Srivastava Sudeep, Chen Liang
Molecular and Computational Biology, Department of Biological Sciences, University of Southern California, Los Angeles, CA 90089, USA.
Nucleic Acids Res. 2010 Sep;38(17):e170. doi: 10.1093/nar/gkq670. Epub 2010 Jul 29.

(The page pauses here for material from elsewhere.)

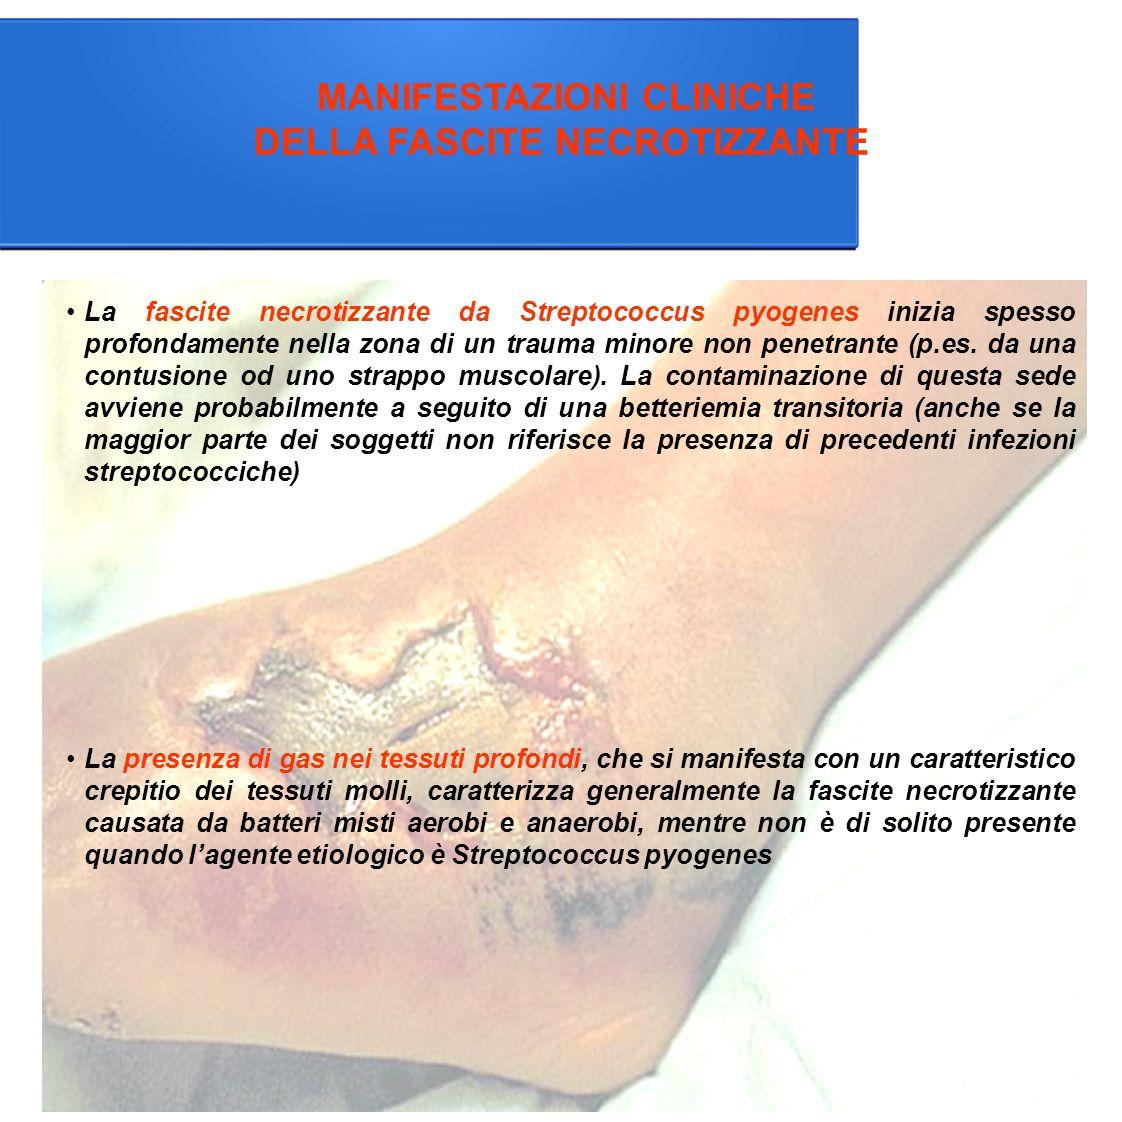 MANIFESTAZIONI CLINICHE DELLA FASCITE NECROTIZZANTE La presenza di gas nei tessuti profondi, che si manifesta con un caratteristico crepitio dei tessuti molli, caratterizza generalmente la fascite necrotizzante causata da batteri misti aerobi e anaerobi, mentre non è di solito presente quando l'agente etiologico è Streptococcus pyogenes La fascite necrotizzante da Streptococcus pyogenes inizia spesso profondamente nella zona di un trauma minore non penetrante (p.es.

Deep sequencing of RNAs (RNA-seq) has been a useful tool to characterize and quantify transcriptomes. However, there are significant challenges in the analysis of RNA-seq data, such as how to separate signals from sequencing bias and how to perform reasonable normalization. Here, we focus on a fundamental question in RNA-seq analysis: the distribution of the position-level read counts. Specifically, we propose a two-parameter generalized Poisson (GP) model to the position-level read counts. We show that the GP model fits the data much better than the traditional Poisson model. Based on the GP model, we can better estimate gene or exon expression, perform a more reasonable normalization across different samples, and improve the identification of differentially expressed genes and the identification of differentially spliced exons. The usefulness of the GP model is demonstrated by applications to multiple RNA-seq data sets.
RNA的深度测序(RNA-seq)已成为表征和定量转录组的有用工具。然而,RNA-seq数据分析存在重大挑战,例如如何从测序偏差中分离信号以及如何进行合理的标准化。在此,我们关注RNA-seq分析中的一个基本问题:位置水平读取计数的分布。具体而言,我们针对位置水平读取计数提出了一种双参数广义泊松(GP)模型。我们表明,GP模型比传统泊松模型对数据的拟合要好得多。基于GP模型,我们可以更好地估计基因或外显子表达,在不同样本间进行更合理的标准化,并改善差异表达基因的识别以及差异剪接外显子的识别。通过将GP模型应用于多个RNA-seq数据集,证明了该模型的实用性。